HIPS Payment Group Ltd., a provider of innovative and cost-effective e-commerce and mobile payment solutions, and Vourity, a Swedish SaaS platform for unattended Sales and Payments with one of the leading payment solutions for Electric Vehicle (EV) charging stations in Europe, today announced their partnership, enabling crypto payment for 50,000 EV charging stations across the European Union (EU).

"Allowing the use of crypto payments will make charging convenient for all EV drivers, which will accelerate the move to an all-electric vehicle future"

“We are really pleased to announce this partnership as we believe it is forward-thinking on many fronts; allowing the use of crypto payments will make charging convenient for all EV drivers, which will accelerate the move to an all-electric vehicle future,” says John Cavebring, CEO of Hips.

Currently, the Vourity platform enables EV drivers to pay for charging by using regular open payment methods such as credit cards (e.g., Visa and Mastercard), Apple Pay, Google Pay, Swish, and Bluecode. The partnership with Hips will expand customer payment processing options, promoting the use of crypto currency as a viable and accessible option.
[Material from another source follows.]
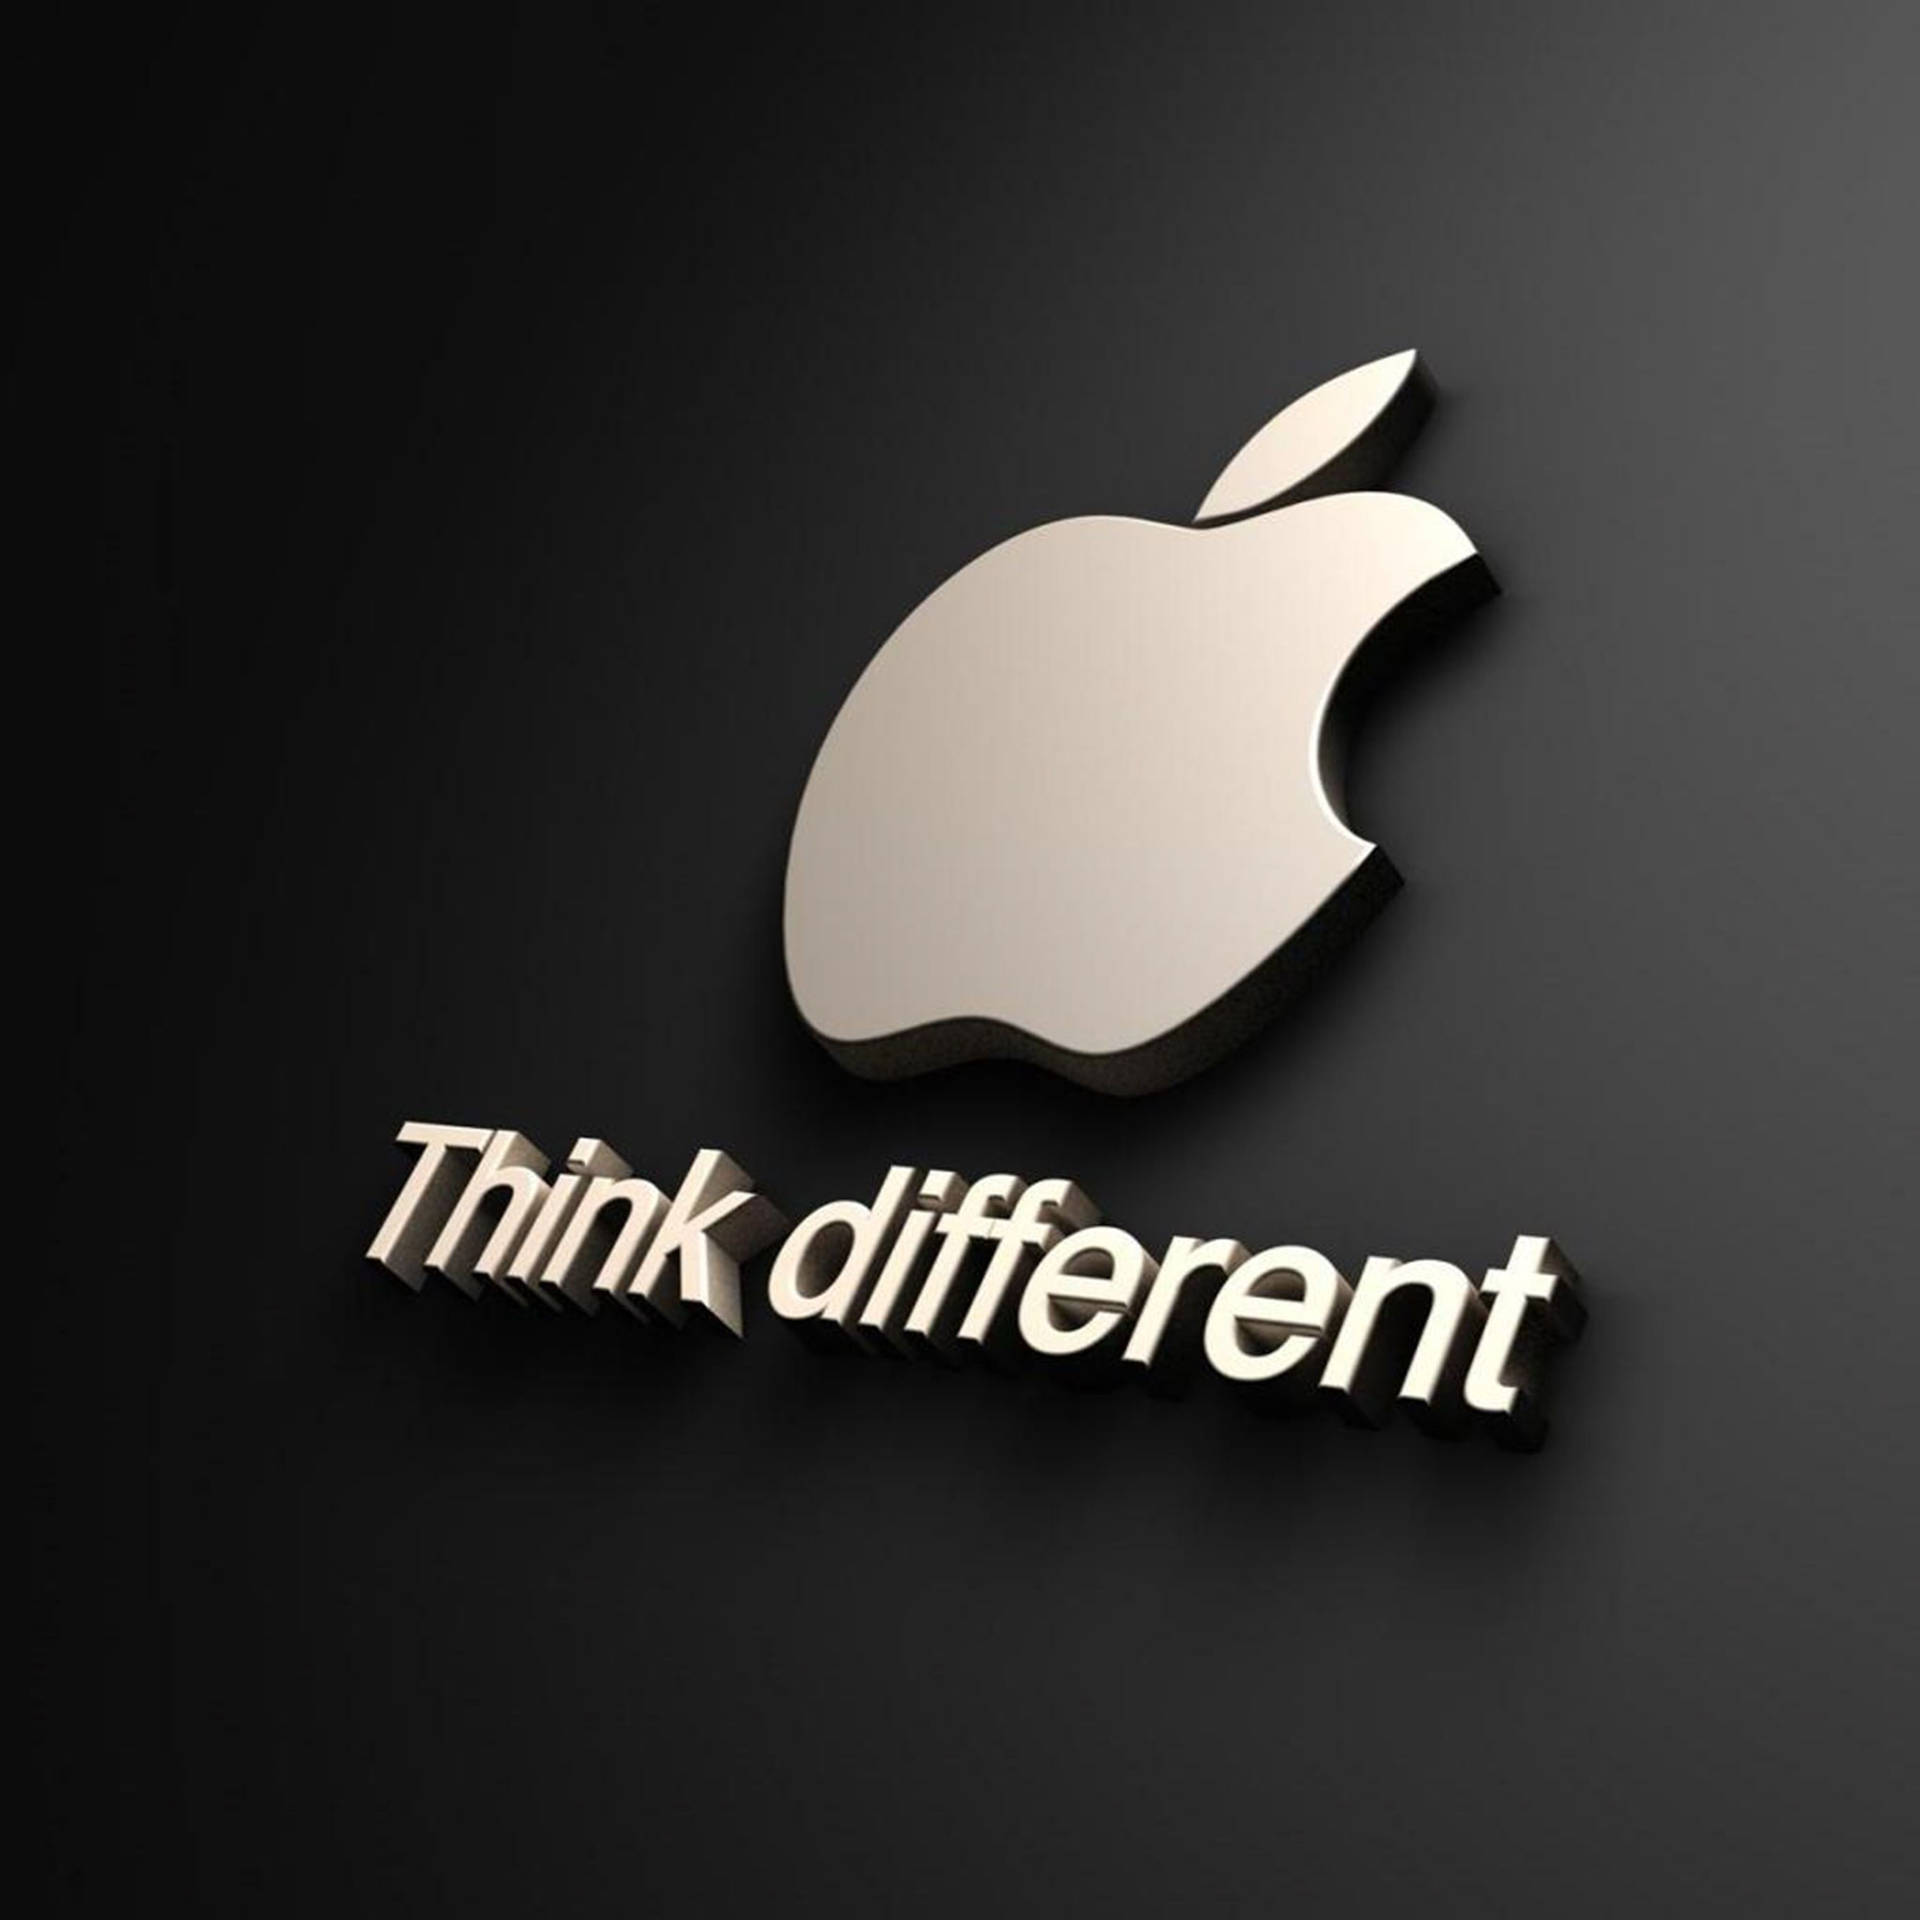 Download 3d Apple Iphone Logo And Slogan Wallpaper | Wallpapers.com

Crypto payments will be fully integrated in the Vourity platform and can connect directly to the blockchain via Hips Merchant Protocol's (HMP) native protocol token Merchant Token (MTO) starting November 2021. The roll out to 50,000 EV charging stations across the EU will be over 3 years.

“At Vourity, we are all about innovation and that starts with listening to EV drivers to understand and address their evolving needs. We want to make it easy for drivers to charge their car and offering an open platform that allows for crypto payments is the most logical choice for our next generation world,” said Hans Nottehed, CEO of Vourity.